Here is another example when gathering aggregations over sampling. The bellow statement is a non-sampled query:

SELECT DISTINCT 
    address,
    count(*)
FROM database_report.stats_table_distributed
GROUP BY address
HAVING count(*) > 500000
ORDER BY count(*) DESC

┌─address─────────┬─count()─┐
│ 10.0.1.222      │ 7431672 │
│ 1.3.2.1         │ 4727411 │
│ 104.123.123.198 │ 2377910 │
│ 10.0.20.110     │ 2366481 │
│ 10.0.5.6        │ 1852113 │
│ 12.1.2.4        │ 1413009 │
│ 54.84.210.50    │ 1141153 │
│ 63.138.62.1     │  950598 │
│ 10.1.0.11       │  738150 │
│ 10.0.1.15       │  709582 │
│ 90.110.131.100  │  601535 │
│ 65.30.67.32     │  584043 │
└─────────────────┴─────────┘
12 rows in set. Elapsed: 1.668 sec. Processed 96.41 million rows, 2.04 GB (57.79 million rows/s., 1.23 GB/s.)

But, if we sample without fixing the aggregations:

SELECT DISTINCT 
    address,
    count(*)
FROM database_report.stats_table_distributed
SAMPLE 1 / 10
GROUP BY address
HAVING count(*) > 500000
ORDER BY count(*) DESC

┌─address────────┬─count()─┐
│ 10.0.0.222     │  744235 │
└────────────────┴─────────┘
1 rows in set. Elapsed: 2.127 sec. Processed 96.41 million rows, 6.00 GB (45.32 million rows/s., 2.82 GB/s.)
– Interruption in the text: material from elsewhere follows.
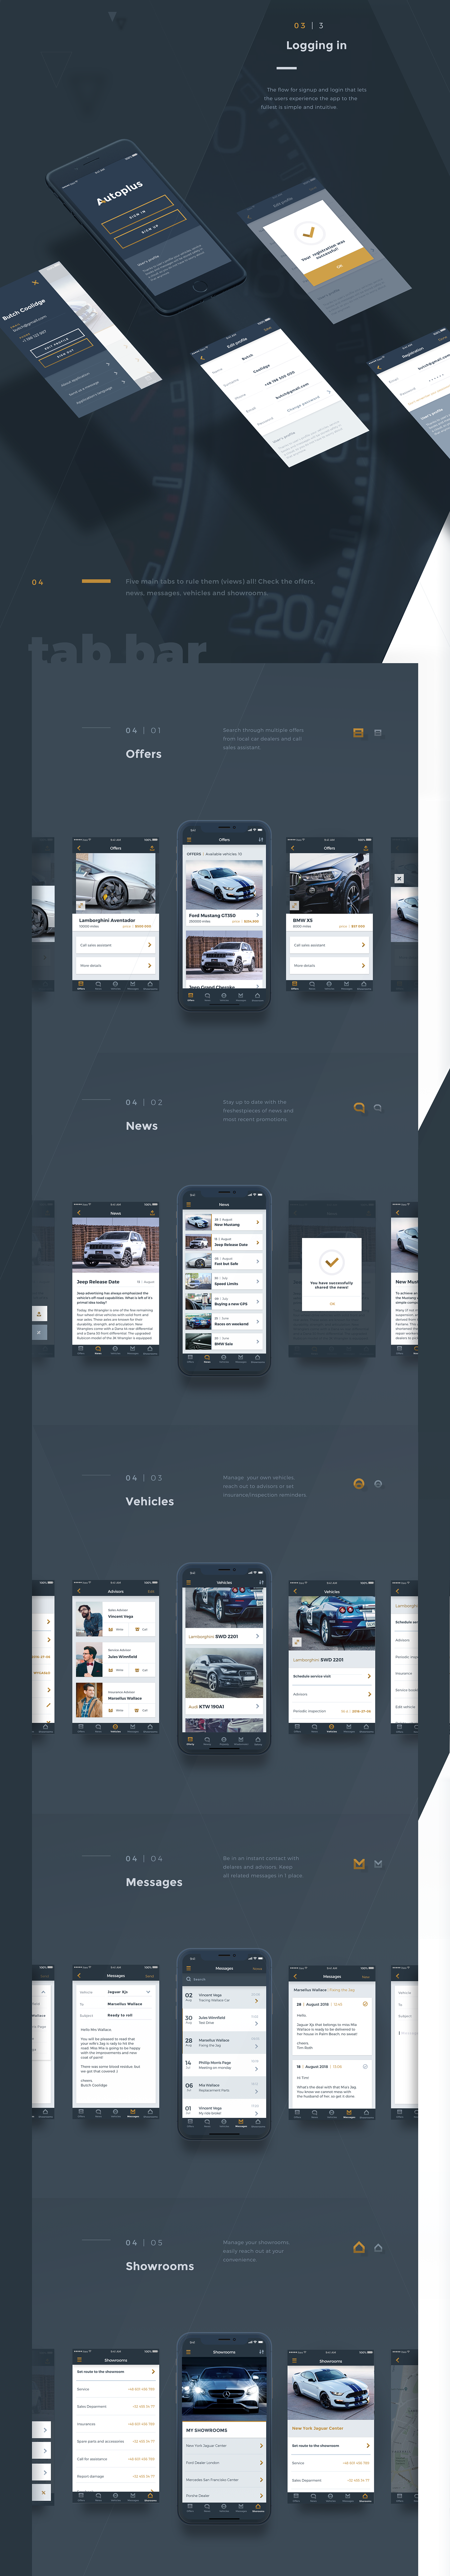 app car ios android dashboard ux UI wireframes animation  Mockup

You can add some fixing around and increase the sample in order to get more accurate results:

SELECT DISTINCT 
    address,
    count(*) * 10
FROM database_report.stats_table_distributed
SAMPLE 1 / 10
GROUP BY address
HAVING (count(*) * 10) > 500000
ORDER BY count(*) DESC

┌─address─────────┬─multiply(count(), 10)─┐
│ 10.0.1.222      │               7442350 │
│ 1.3.2.1         │               4725650 │
│ 104.123.123.198 │               2381920 │
│ 10.0.20.110     │               2363170 │
│ 10.0.5.6        │               1856500 │
│ 12.1.2.4        │               1413860 │
│ 54.84.210.50    │               1141190 │
│ 63.138.62.1     │                954630 │
│ 10.1.0.11       │                739530 │
│ 10.0.1.15       │                712970 │
│ 90.110.131.100  │                604510 │
│ 65.30.67.32     │                583320 │
└─────────────────┴───────────────────────┘
12 rows in set. Elapsed: 2.134 sec. Processed 96.41 million rows, 6.00 GB (45.17 million rows/s., 2.81 GB/s.)

SELECT DISTINCT 
    address,
    count(*) * 5
FROM database_report.stats_table_distributed
SAMPLE 2 / 10
GROUP BY address
HAVING (count(*) * 5) > 500000
ORDER BY count(*) DESC

┌─address─────────┬─multiply(count(), 5)─┐
│ 10.0.1.222      │              7430545 │
│ 1.3.2.1         │              4730535 │
│ 104.123.123.198 │              2378665 │
│ 10.0.20.110     │              2364765 │
│ 10.0.5.6        │              1854600 │
│ 12.1.2.4        │              1412980 │
│ 54.84.210.50    │              1142130 │
│ 63.138.62.1     │               952105 │
│ 10.1.0.11       │               740335 │
│ 10.0.1.15       │               709805 │
│ 90.110.131.100  │               603960 │
│ 65.30.67.32     │               582545 │
└─────────────────┴──────────────────────┘
12 rows in set. Elapsed: 2.344 sec. Processed 96.41 million rows, 6.00 GB (41.13 million rows/s., 2.56 GB/s.)

Performance heads up

If the dataset is smaller than the amount of RAM, sampling won’t help in terms of performance. The bellow is an example of a bigger result set using no-sampling and sampling.

SELECT 
    some_type,
    count(*)
FROM database_report.stats_table_distributed
GROUP BY some_type
HAVING count(*) > 1000000
ORDER BY count(*) DESC
[...]
15 rows in set. Elapsed: 1.534 sec. Processed 96.41 million rows, 1.95 GB (62.84 million rows/s., 1.27 GB/s.)

SELECT 
    some_type,
    count(*) * 10
FROM database_report.stats_table_distributed
SAMPLE 1 / 10
GROUP BY some_type
HAVING (count(*) * 10) > 1000000
ORDER BY count(*) DESC
[...]
15 rows in set. Elapsed: 2.123 sec. Processed 96.41 million rows, 5.90 GB (45.41 million rows/s., 2.78 GB/s.)